Let me mention a few of the best from the past decade: Spokane Civic Theatre’s productions of “Les Miserables” and “Buddy: The Buddy Holly Story.” Interplayers’ recent and completely delightful production of “A Midsummer Night’s Dream” and the longer-ago “Dancing at Lughnasa.” Lake City Playhouse’s “Sweeney Todd.” Best of Broadway’s “Book of Mormon” and “Wicked.” Lewis and Clark High School’s production of “Miss Saigon.” The list goes on and also includes many plays as well as musicals.

Sure, I’ve seen lots of plays and musicals that weren’t as good as they might have been – some a bit painful, actually – but in total, I have been enriched by all of it. There’s nothing better than watching local actors develop their skills. Many of them have the chops to make it on bigger stages – Jean Hardie, Patrick Treadway and Kathie Doyle-Lipe, to name a few – but they remain delights for us to enjoy on the various stages in the region.

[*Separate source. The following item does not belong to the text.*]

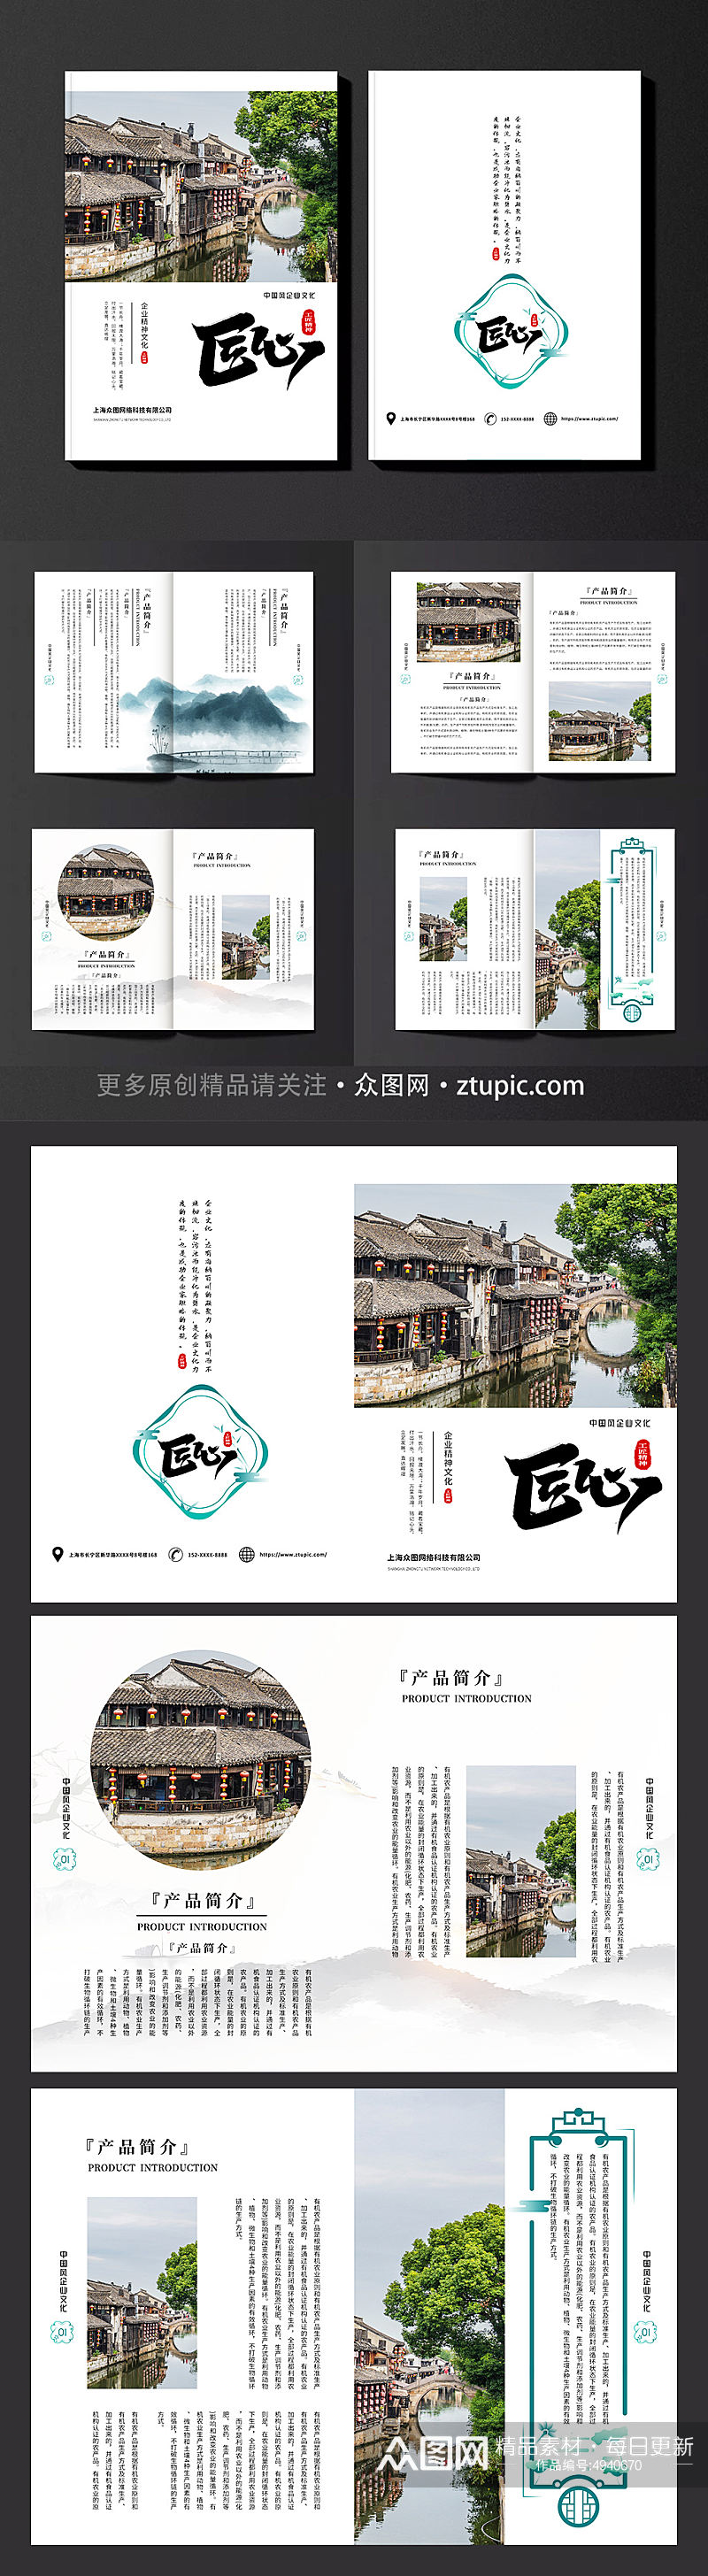 简约清新中国风水墨企业宣传通用版画册素材

And there are some who have grown up in theater here and have risen to note on the national scene – most recently Cheyenne Jackson, of Newport, Washington.

Because my own son was active in local theater while growing up in Spokane, I know about many of his friends from those days who are working actors in New York and Los Angeles and other theater-hub cities. This was a good place for them to learn their craft – and for those of us in the audience, we had the privilege to see them do it.

Just like we root for our high school athletes and follow their careers into college and beyond, there’s a host of theater kids with as much potential, or more, to make it big. And they need boosters, too, as do those who will step away from the stage after a while to go on to do other things (having been enriched by their performance experience, of course).

And mention goes also to the professional shows that come through. I wonder how many children caught the theater bug as they sat transfixed at the INB during “The Lion King.” But I confess that I have a particular fondness for local shows. I know Greg Pschirrer, drama teacher at LC and a friend of my son’s. I heard from him about what it took to stage “Miss Saigon” at his school in 2008. With its adult themes, this is not your average high school musical, yet Greg went about carefully exploring the subject matter in discussion, working with parents and putting on a production that just blew the socks off everyone who saw it – and turned it into a wonderful educational experience as well. That’s what a good teacher does.

Many years ago I saw “Man of La Mancha” at Eastern Washington University. The role of Sancho Panza (the lovable sidekick) was played by an international student, whose enthusiasm for the role and hard work to master the dialogue was infectious to the point that the audience was so audibly cheering for him that it felt like a perpetual group hug. You might argue that this took away from the rest of the show, but I was there and can tell you that it didn’t. Whitworth University’s “Godspell” in 2005 was the best production of that show I’ve ever seen, and I’ve seen it done a lot.

I am still amazed at the work done by Interplayers, and they don’t get near the credit they should. Civic Theatre has developed the talents of so many people that it remains a diamond in our midst. And there are other companies out there, too, that would love to perform for you.

We talk so often about shopping local, buying American. So do it. Skip just one post-apocalyptic zombie pyrotechnic noise fest at the cinema and go see a live theater production in Spokane or Coeur d’Alene. Get thee to a theater near you and get invested in watching your friends and neighbors hone their acting skills while you make that connection with a story in a way that only happens with a live actor and a live audience. Or you could try your hand yourself and audition for a show or maybe work on the stage crew.

You too can get hooked, no tonsillectomy required.